But hold on a second! You’ll recall in the first post that the N64 has unified memory. One thing that means is that our cartridge (our storage medium for our game) is memory mapped, and thus addressable. The cartridge can hold much more than our memory, potentially hundreds of MBs.

Could we edit our linker script so that we store our .rodata on the cartridge region of memory, rather than the main memory region? Yes! Let’s just add a new section to MEMORY called cartridge, and store our .rodata on it.

As you can see on this page of the N64brew wiki, the cartridge region of memory starts at 0x10000000. But because of the way addressing works on the N64 (even though we have a 64-bit addressing mode, most programs address in 32-bit), we need to use a translation.

MEMORY
{
    mem : ORIGIN = __kseg0_start, LENGTH = 4M
    cartridge : ORIGIN = 0x00000000, LENGTH = 32M /* Adjust to actual cart size */
    /* cartridge : ORIGIN = 0x10000000, LENGTH = 32M */

}

SECTIONS {
   // rest as previous

   .rodata : {
       *(.rdata)
       *(.rodata)
       *(.rodata.*)
       *(.gnu.linkonce.r.*)
       . = ALIGN(8);
   } > cartridge AT> mem  /* note we are storing in a new place now */

Great, this looks like it could work, meaning we can now fit an (almost) arbitrary number of weights in our program, since they are stored in the cartridge. However, let’s take a step back and think about what would be happening here…

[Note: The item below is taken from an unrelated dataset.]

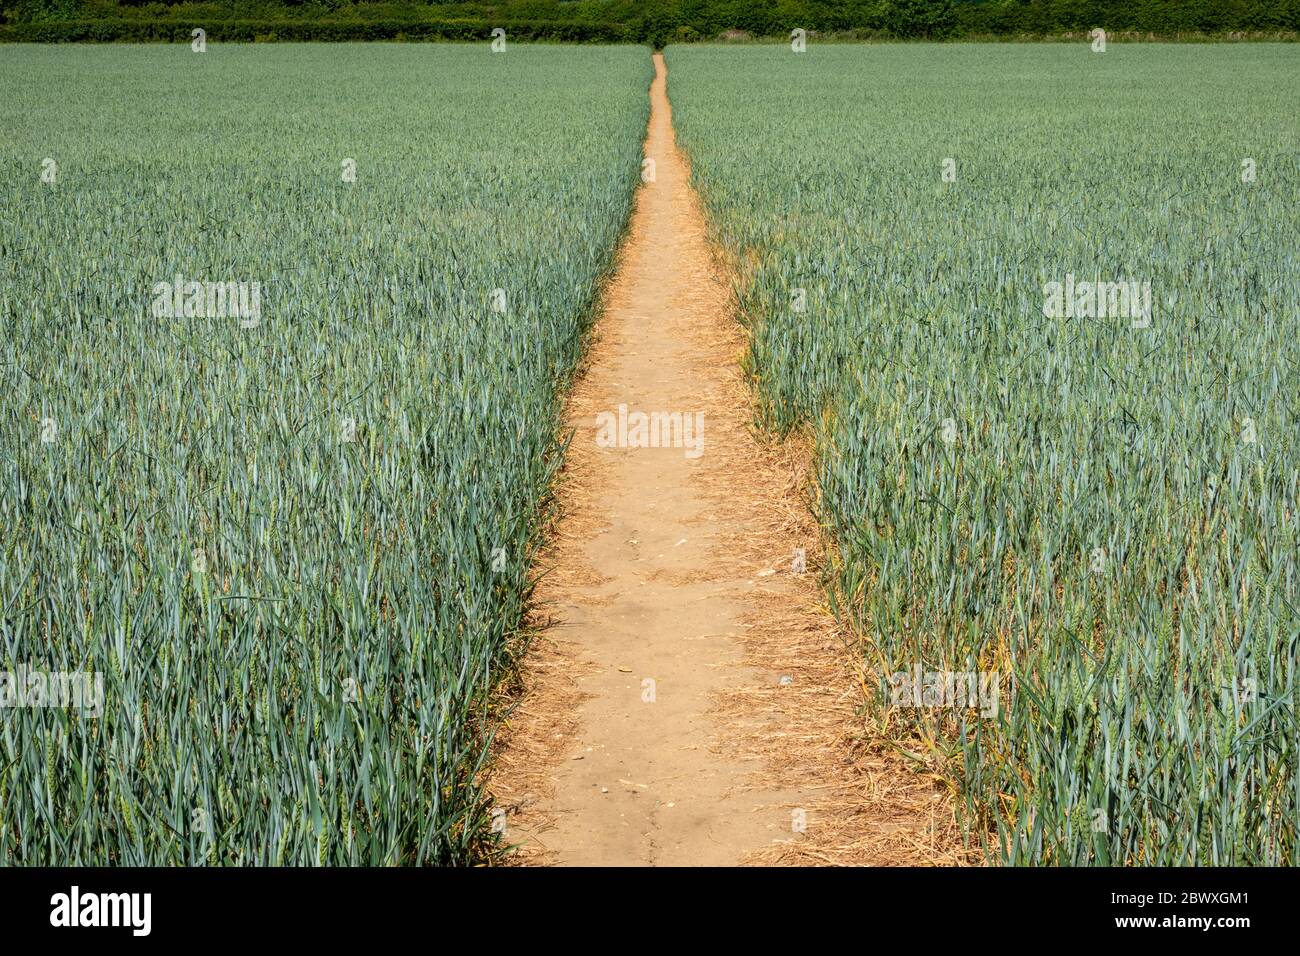 Ein klarer Schnittweg durch ein unreifes Weizenfeld, das das Filed in zwei Hälften teilt und einen Fluchtpunkt am baumgesäumten Horizont bildet Stockfoto

Our weights are now stored in the cartridge region. So if we access constant_0_let[0], instead of loading it from main memory we fetch it from cartridge. And this is super slow, and will thus be unacceptable for our DNN inference application. Repeated accesses may also be slow, since there’s no guarantee that our arrays will be cached. Do you remember loading screens in video games? This is what they were for, and oh boy do we not want to have one for every parameter we load. Accessing data from the cartridge on-demand is not workable — the latencies are too high.

Instead we should copy the data to main memory when it is needed, and free it when we are done with it. If we had some sort of demand pager that copied the arrays over to main memory when required, then we could fix the performance issue we have introduced. However, 1. this would be a relatively complex system to implement, 2. I’m lazy (in the pragmatic way!), and 3. we know the access patterns to our weights ahead-of-time. Perhaps there’s a simpler solution?

The answer is yes: weight serialisation. By saving our weights as files, we can store them on our cartridge, and load them into memory when required. Libdragon has a great little filesystem implementation for just this purpose. A simple loading schedule would be to load them just before we execute the layer that requires them, and free them when the layer has been executed. But a more advanced schedule would load the maximum amount of weights we can fit in 4MB, and hide the loading latency by loading new weights asynchronously. Let’s look at how we would implement this.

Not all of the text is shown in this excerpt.